An excellent blog post tutorial has been posted here:


Please review that detailed posting for a complete answer to connecting your SD card reader to the Pi.

There is a companion You Tube video available here:


  • Cool article indeed. I just looked quickly, is there something about transfer rate @Kolban ?
    – Basj
    Commented Jul 28, 2017 at 22:42

Without knowing much about the card reader itself, I will give the best answer I can.

The reader seems to have markings on it next to the GPIO pins. Connect them to the corresponding pins on the RPI using some female-female jumper cables (or a more permanent method for your application). If they do not have a corresponding pin, attach them to a free pin on the pi and take note of it.

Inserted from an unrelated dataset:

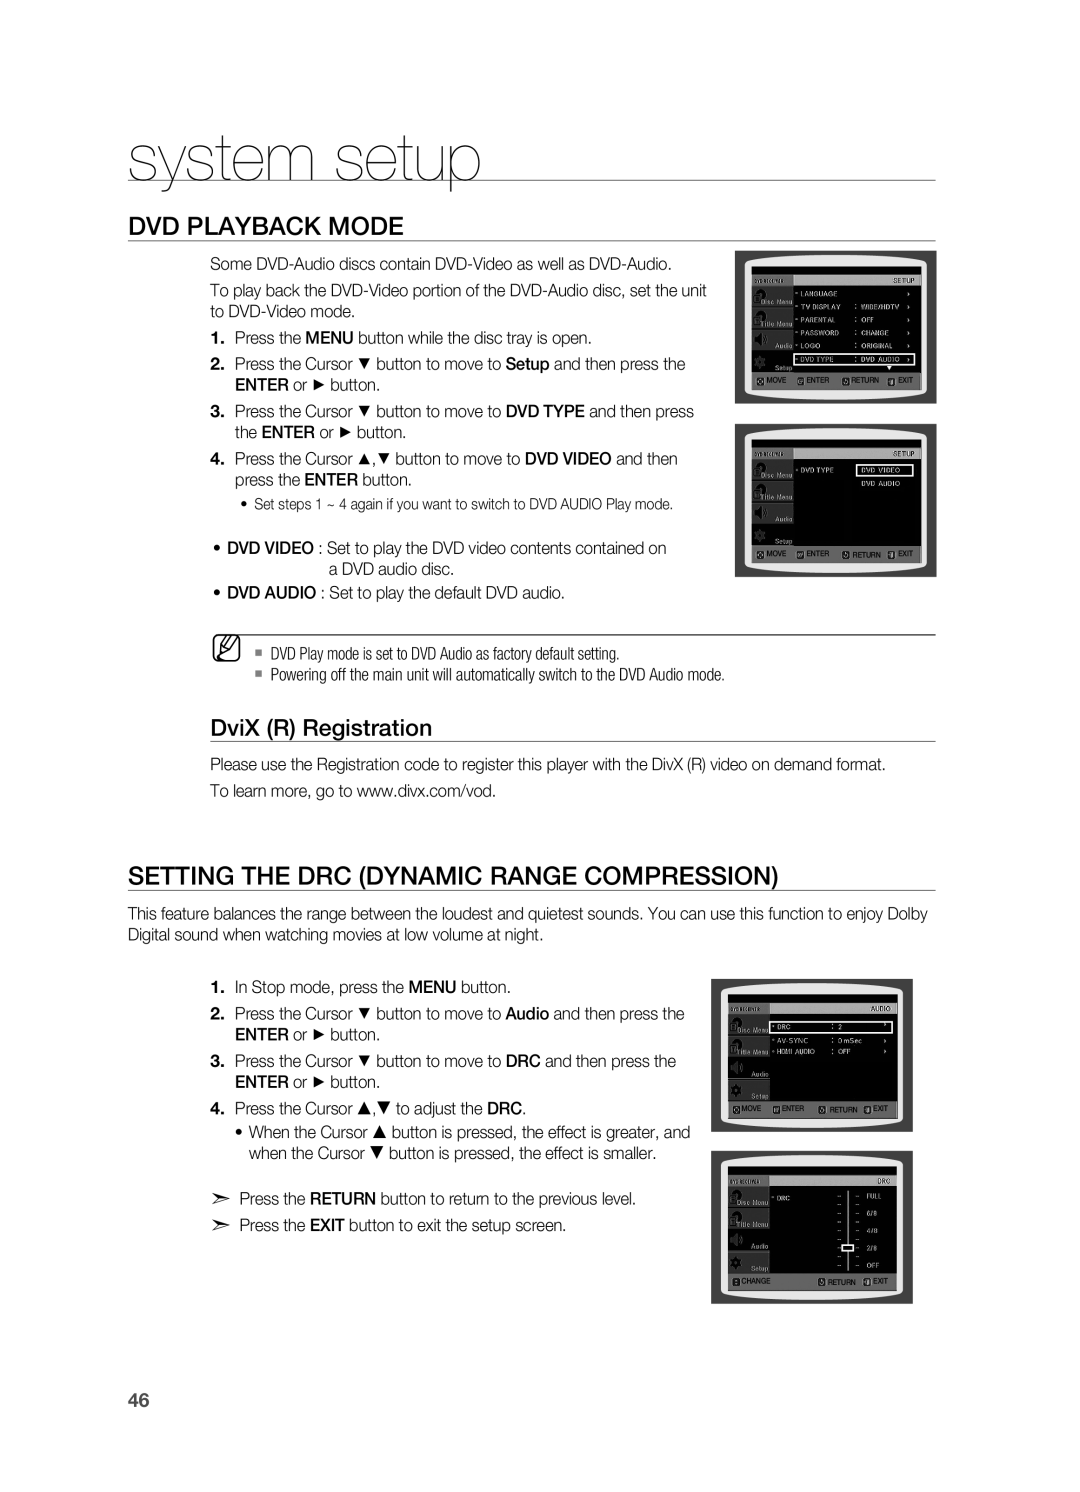 Samsung HT-A100 user manual DVD Playback Mode, Setting the DRC Dynamic Range Compression, DviX R Registration, system setup

The API for the reader may need some extra configuring to allow file transfer through the other pins, but I cannot help you with this part.

Hopefully this should work!

  • I added the pins labels and photo in the question. Is it possible to go from these pins to GPIO or to USB ?
    – Basj
    Commented Mar 29, 2015 at 18:51

Based on your description of your need and visiting your project page, an alternative would be to make your RPi boot off a USB stick and use the internal card reader to accept cards from the user.

  • Thank you for your answer. It could be an idea, we need to think about it. Inserting/removing the microSD card might be too small / difficult for an every day use. For my project, I need it to be as handy as inserting/removing a SD card from a digital camera. I'll think about it... PS: could you add a link about "how to boot off a USB stick" on a RPi in your answer, for future reference?